In pseudocode, the ideal approach works something like this:

string multi_replace(string input, hash_table replacements):
  regex matcher = compile(matches any replacements.keys())
  string result = reserve input.size()
  iter input_offset = input.start()
  for (iter match_start, iter match_end) = matcher.all_matches(input):
    if match_start > input_offset:
      copy(input[input_offset .. match_start] into result.end())
    key = input[match_start .. match_end]
    copy(replacements[key]) into result.end())
    input_offset = match_end
  return result

Note that this kind of task is much easier in higher-level languages. E.g. in Perl, the real code for the above function would be:

sub multi_replace {
  my ($input, $replacements) = @_;
  my $matcher = join '|', map quotemeta, keys %$replacements;
  return $input =~ s/($matcher)/$replacements->{$1}/gr;
}

In any case, whether you keep using replacements or switch to a more sophisticated approach, strongly consider separating the replacement data from the code that performs this replacement. Then, even your existing replacement code could be simplified to:

std::vector<std::pair<std::string, std::string>> all_replacements = ...;
for (auto replacement : all_replacements)
  s.replace(replacement.first, replacement.second);

Answer 4

Interesting problem!

I am sure that someone can and will come up with a better solution, but here are my initial thoughts: Your biggest bottleneck will be the continual reallocation of memory. Whenever you do a replace, you are creating a new string, copying the content from src to destination and doing a modification on the dest (result) string... well more or less, the details are besides the point. The problem is that memory allocation and deallocation will be >90% bottleneck. Its is very expensive so avoid it, if you can, or minimize it.

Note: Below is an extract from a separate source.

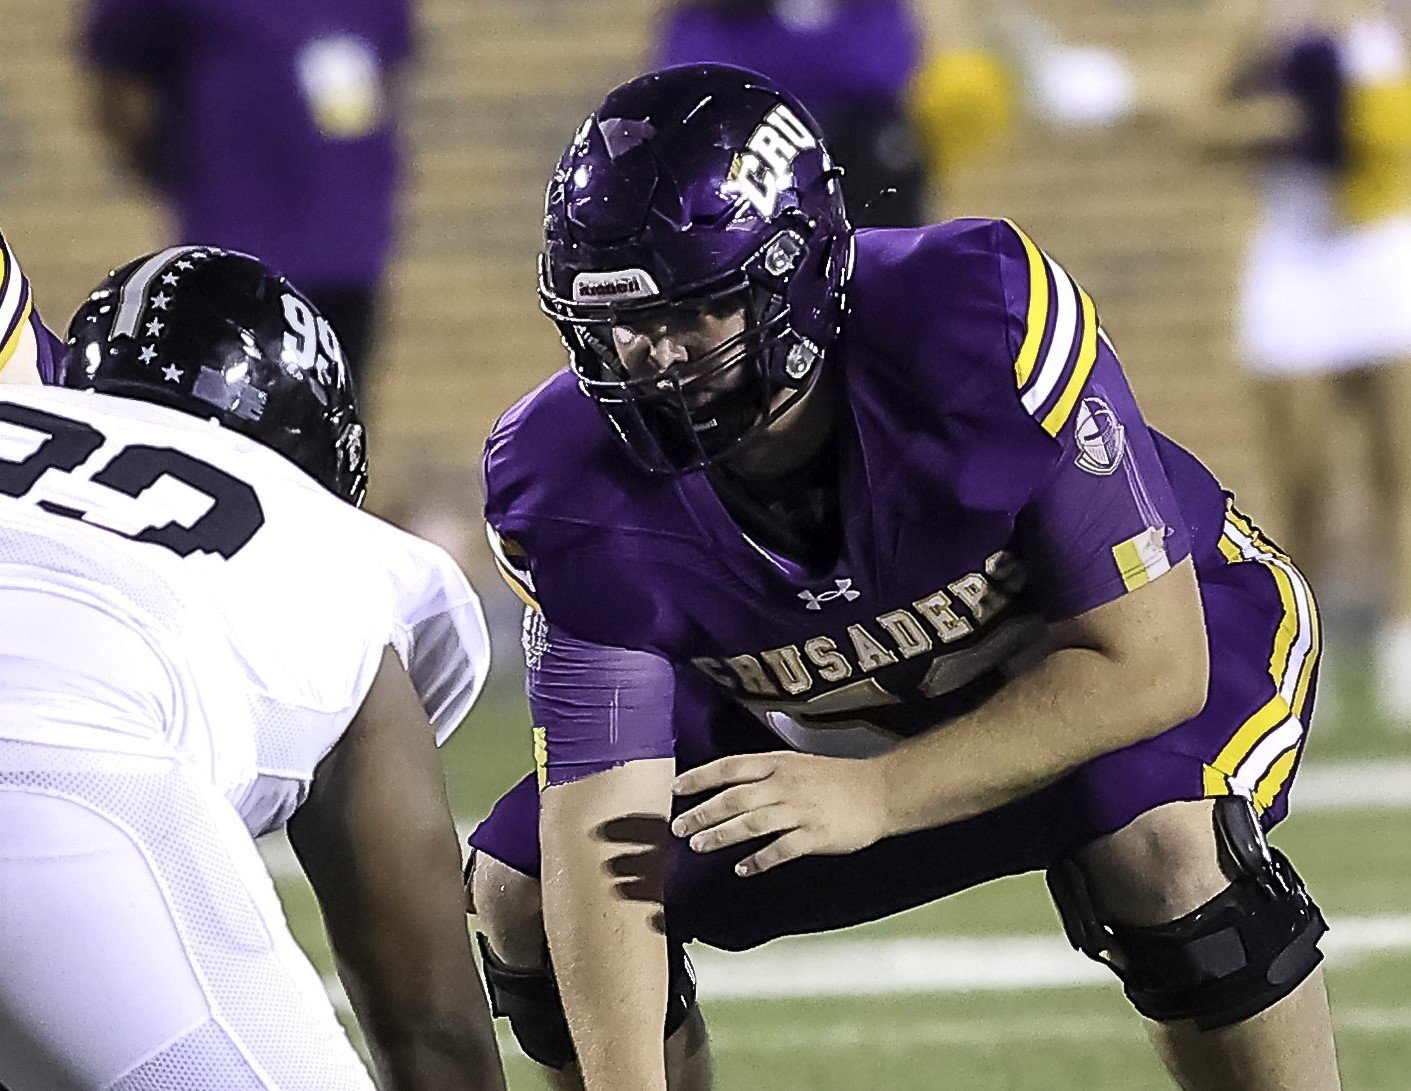 Jacob Dailey in action for the Mary Hardin Baylor Crusaders, where he has been on the team for two seasons.
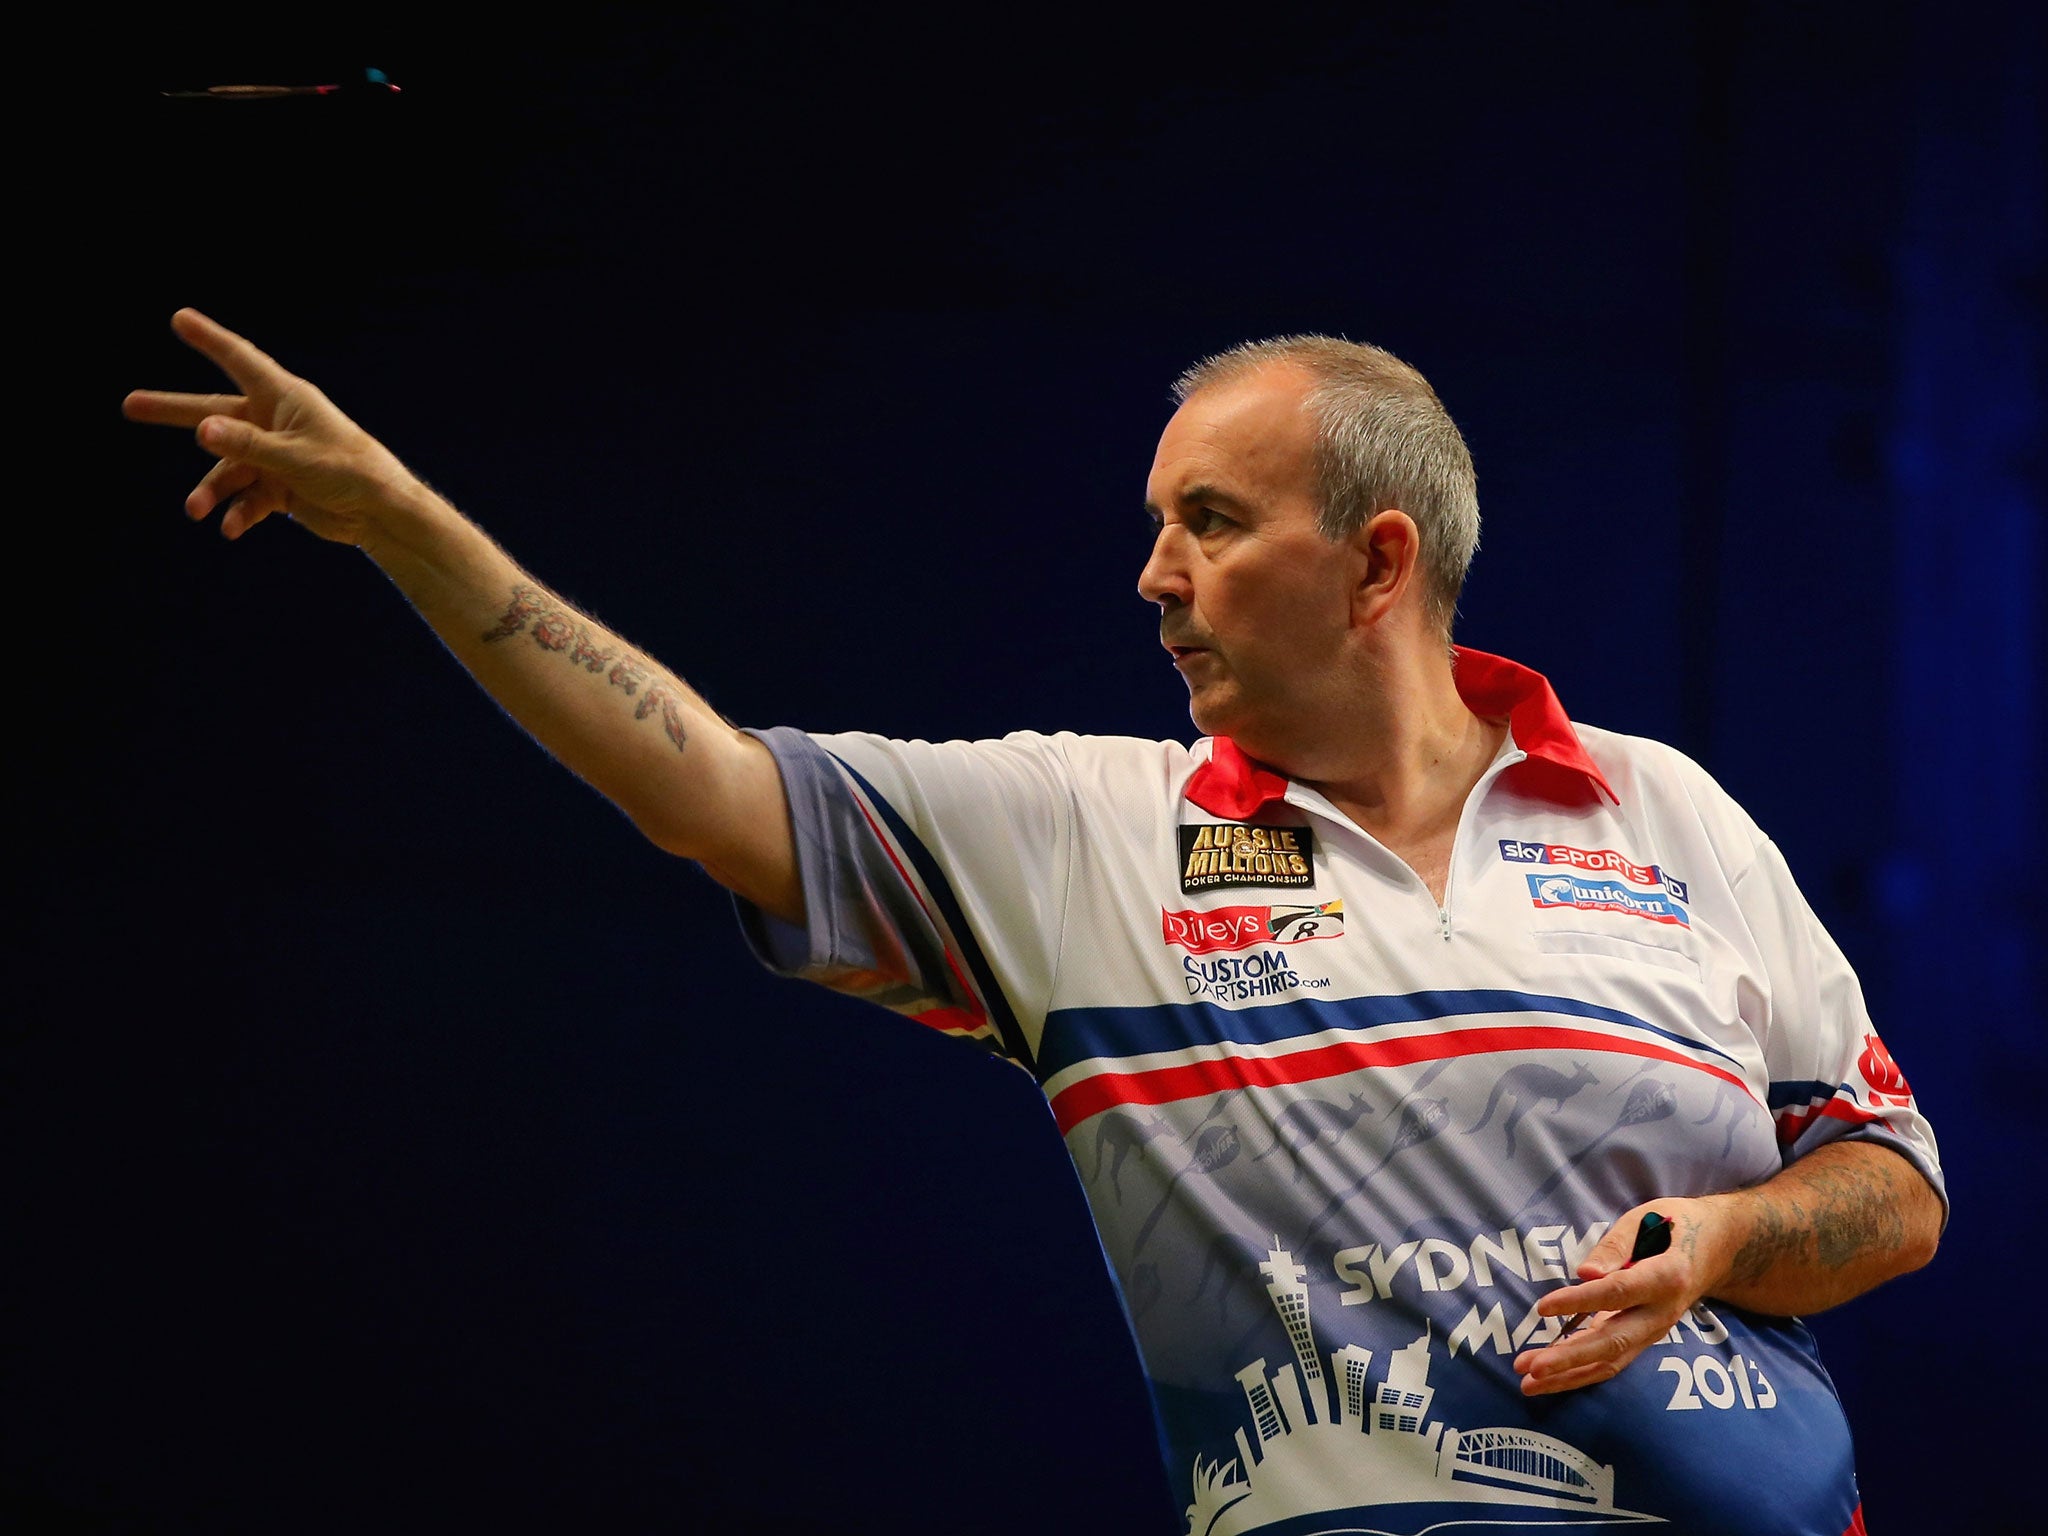 Phil Taylor crushed Dave Chisnall 6-0 in the World Darts Grand Prix

The strategy I am going to propose is based on minimizing the result string allocation to just once.

1.) Build a map of indices indicating start/end pos as well as the replacing string of a block that needs to be changed. e.g. "this is just BEL test and another CHN test" -> [[13,16,Belgium], [34,37,China]]

2.) The resulting length is the length of the original string + delta growth, which is the sum of growth per occurrence:

 4 chars - from index 13 to 16 ("BEL" -> "Belgium", -3+7 = +4 growth)
 2 chars - from index 37 to 40 ("CHN" -> "China", -3+5 = +2 growth)
 ------
 6 sum!

Your result string will be 42 + 6 = 47 chars long, you allocate this once.

3.) Reiterate and construct your result string accordingly

Here is an example implementation (check out the replace method)

I think this solution should suffice for now, until someone pulls out the standard way to approach this problem!